Banagher Bridge is located northwest of the town of Banagher, and carries the R356 road across the River Shannon between Counties Offaly and Galway in Ireland. The present bridge, constructed between 1841 and 1843 has six masonry arches and had an opening section which has been replaced by a permanent beam.

==Present bridge==
The present bridge, originally of six arches and an opening section, was erected by the Commissioners for the Improvement of Navigation of the Shannon in 1841–1843. Thomas Rhodes, the engineer was a commissioner of the Shannon Navigation, his name can be seen on a number of the bridges over the Shannon and on surviving lock mechanisms, including at Victoria and Athlone locks. This bridge was reconstructed and widened jointly by Offaly County Council and Galway County Council in 1971. Their work included replacing large stone parapets on either side of the bridge with aluminium railings, and the removal of a swivel arch which had allowed passage for masted boats.

The bridge is categorised by the National Inventory of Architectural Heritage as being of 'Special Architectural, Historical and Historical interest'. The 2005 heritage review of the bridges of County Offaly described Banagher bridge as being of national heritage significance, of high architectural merit and demonstrative of mid-19th century construction work by a government body. It states "This is the only six-arch masonry span in the county. It is an interesting contrast with the 1750s bridge at Shannonbridge. Although both are approximately the same length, Banagher bridge achieves the crossing with fewer spans (six as opposed to 16).
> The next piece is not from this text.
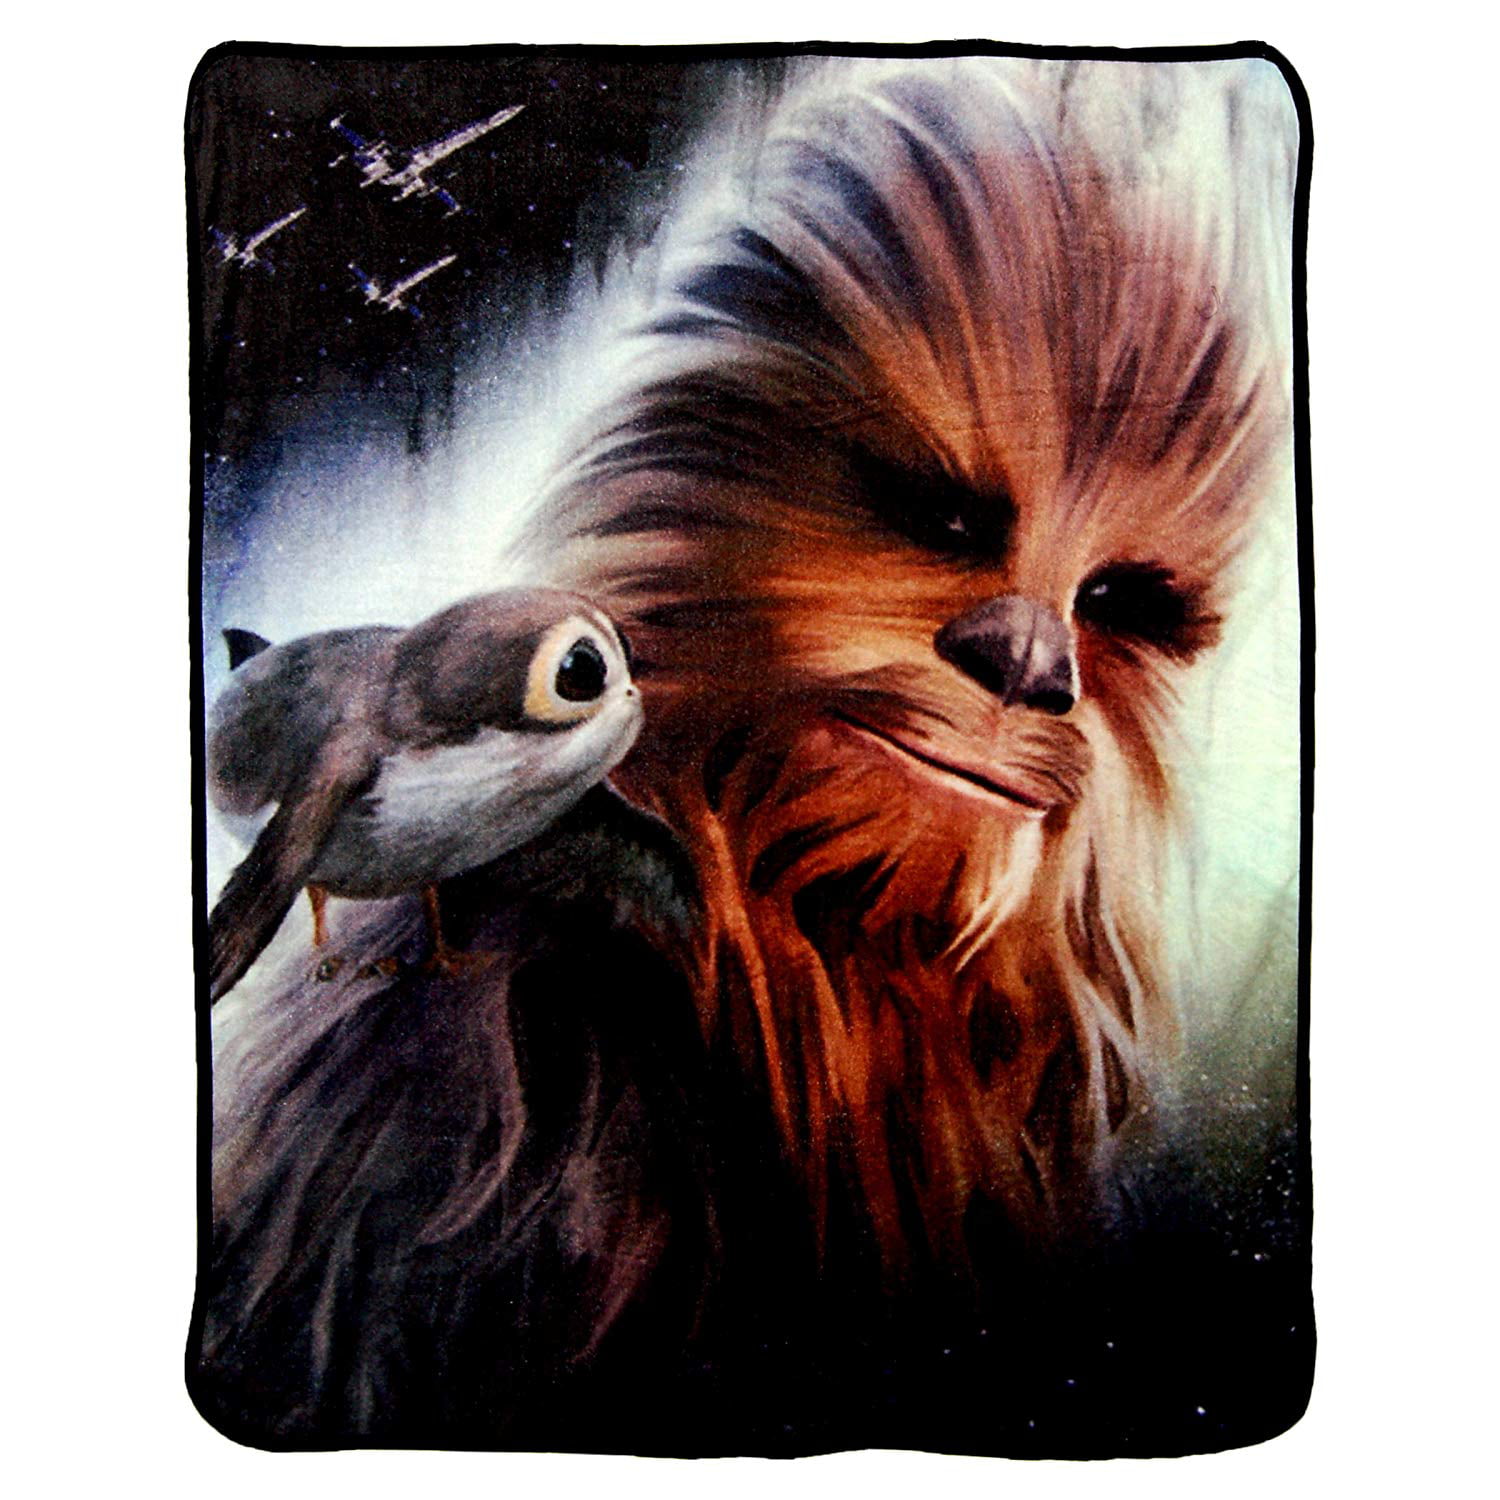 Disney Star Wars The LAST JEDI Chewbacca Soft Throw Blanket 46"X 60" NEW 2017 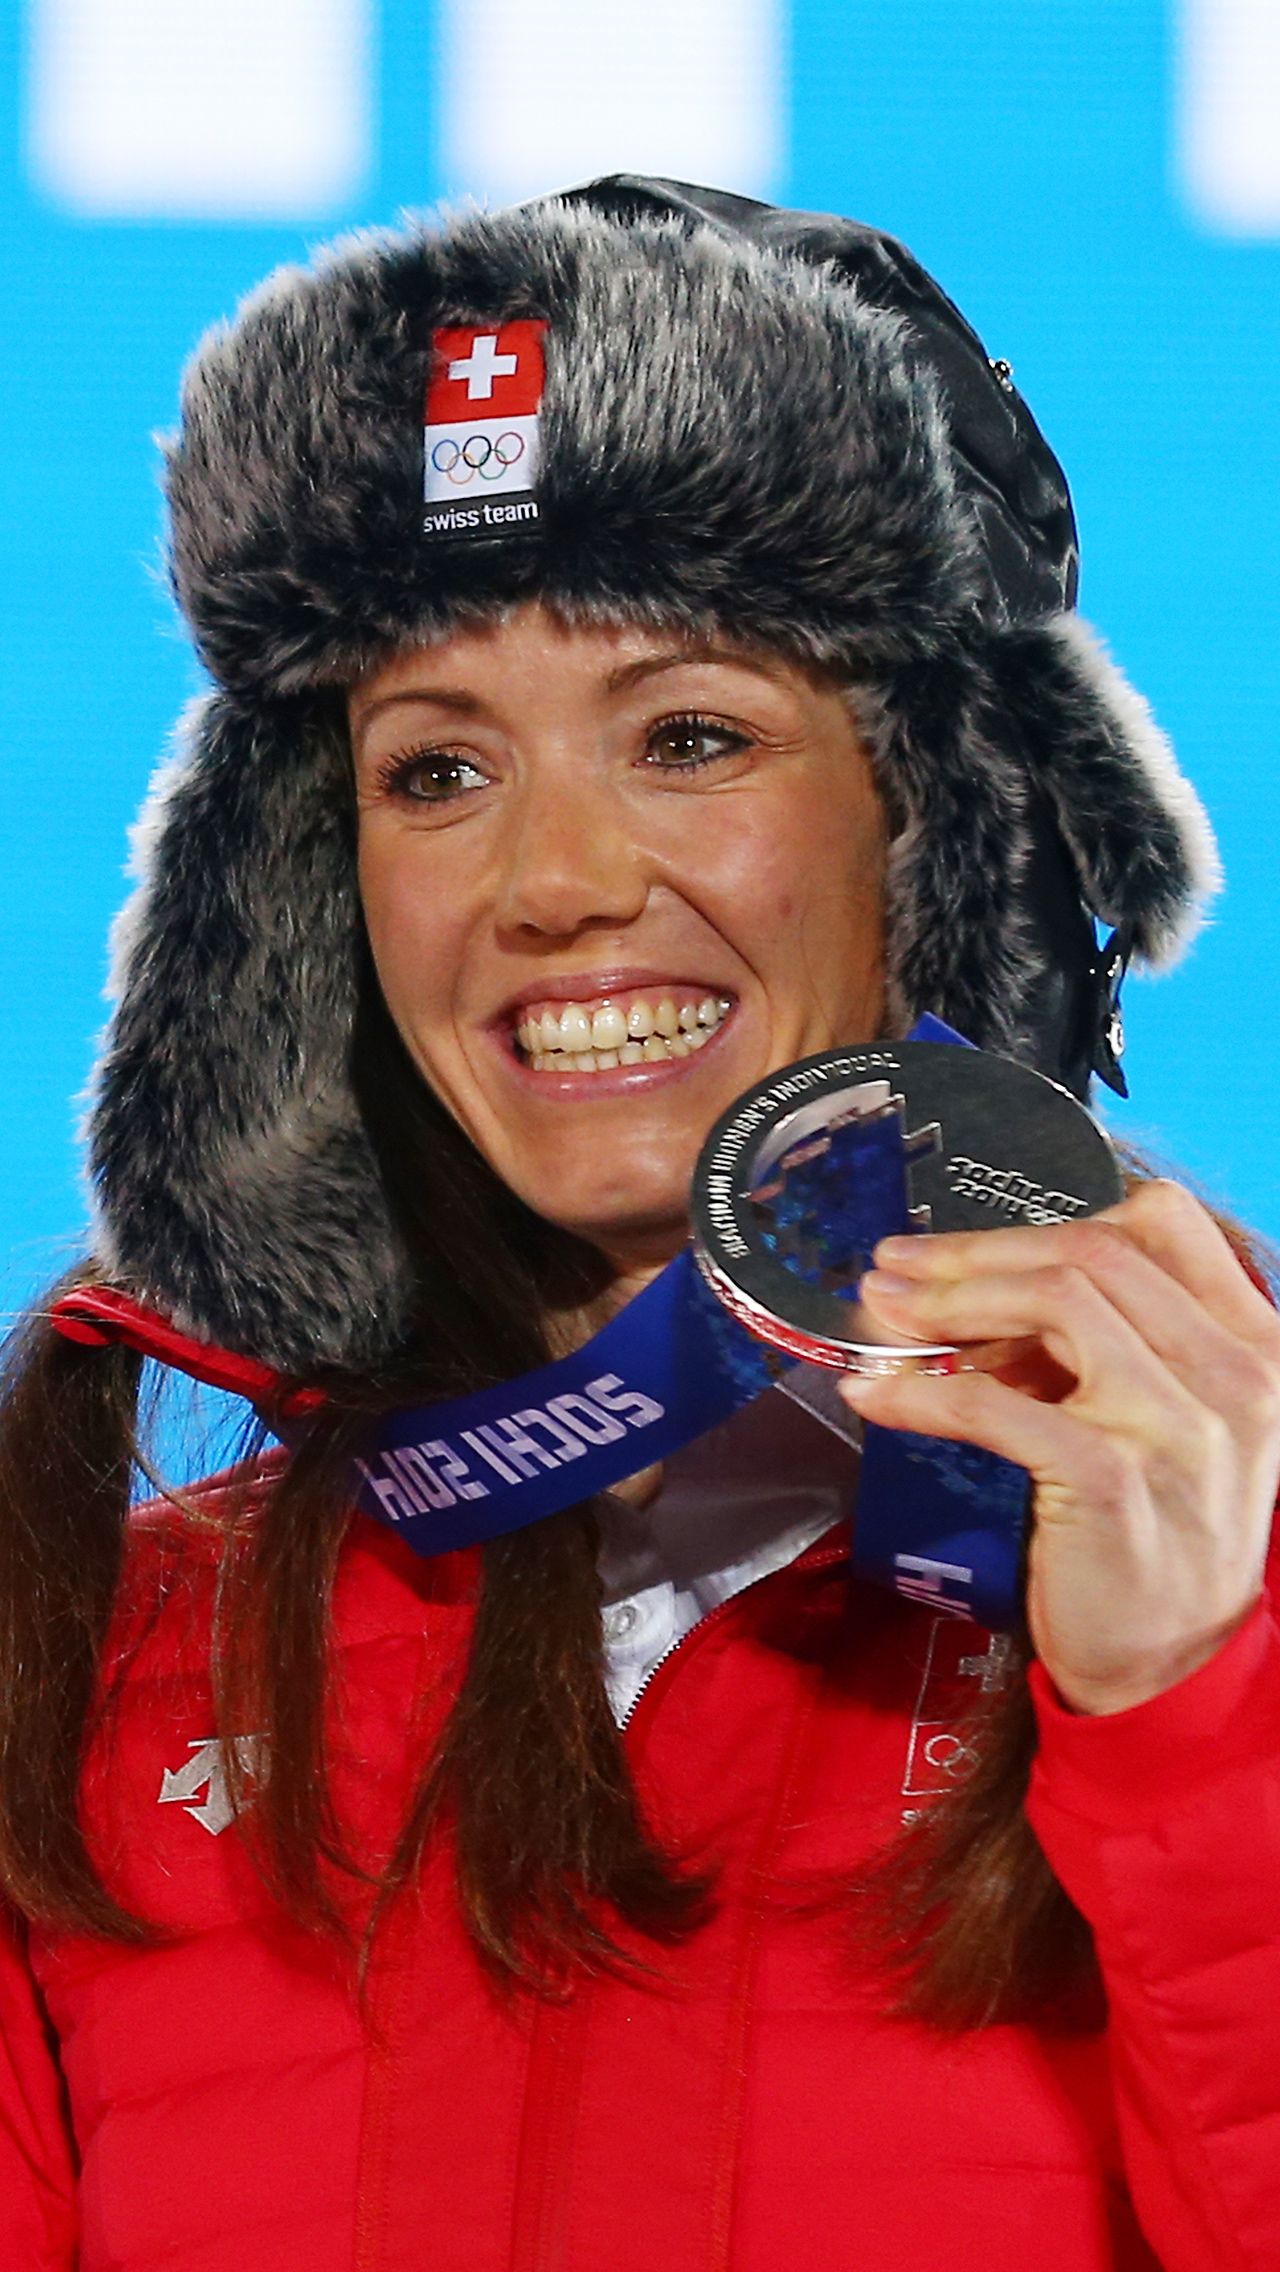 Селина Гаспарин дебютировала на КМ в 2005-м. 37-летняя биатлонистка – автор первого в истории Швейцарии олимпийского серебра в биатлоне. Всего на счету Гаспарин четыре личных подиума на Кубке мира.

It also has the longest masonry arch spans of all the county's bridges, averaging 17.88 m".

== History ==
The first bridge that is known to have been built at this point was erected as a "spacious stone bridge of 18 arches" by Ruaidrí Ua Conchobair, the King of Connacht, around 1049. However, medieval sources tell of a "bridge of 27 arches of divers(e) architectural form, each different from its fellow", which stood here for over 500 years. A stone bridge of 17 arches was constructed in 1685 and this was detailed in profile drawings by Thomas Rhodes in 1833.
The bridge of 1685 featured during the Williamite War in Ireland of the 17th century and was used by Patrick Sarsfield to retreat to Connacht after his ambush of a Williamite convoy at Ballyneety in County Limerick during the Siege of Limerick. Because it afforded Sarsfield and his army a method of advance and retreat, the old bridge was sometimes referred to as Sarsfield's Bridge. This bridge was blown up in 1843 by gunpowder by a section of the Corps of Royal Engineers. The abutment of this bridge can still be seen adjacent to Cromwell's Castle on the Connacht side of the river.

The castellations around and near the bridge were built to protect it, including Cromwell's Castle, The Salt Battery (Fort Eliza), Fort Falkland and the Martello Tower. The guns mounted on these forts could be used to destroy the bridge if necessary, as well as to bombard attacking forces on the river.

A narrow quay passes under the old swivel section of the bridge from Waller's Quay to the marina. A handrail offers the pedestrian some protection against a slip into the river. This rail has been known as the Duke's Rail since 1897 when the then Duke of York, later to become George V, paid a state visit to Ireland. The royal party travelled up-river from Portumna on the steamship Countess of Mayo. Disembarking at Waller's Quay, the Duke was received by Lord Rosse, the Lord Lieutenant of King's County. The party had to traverse the narrow quay under the bridge to get to Banagher Railway Station, making use of the Duke's Rail. The stretch of the Shannon from Portumna to Banagher was known for some time after as the Duke of York's Route.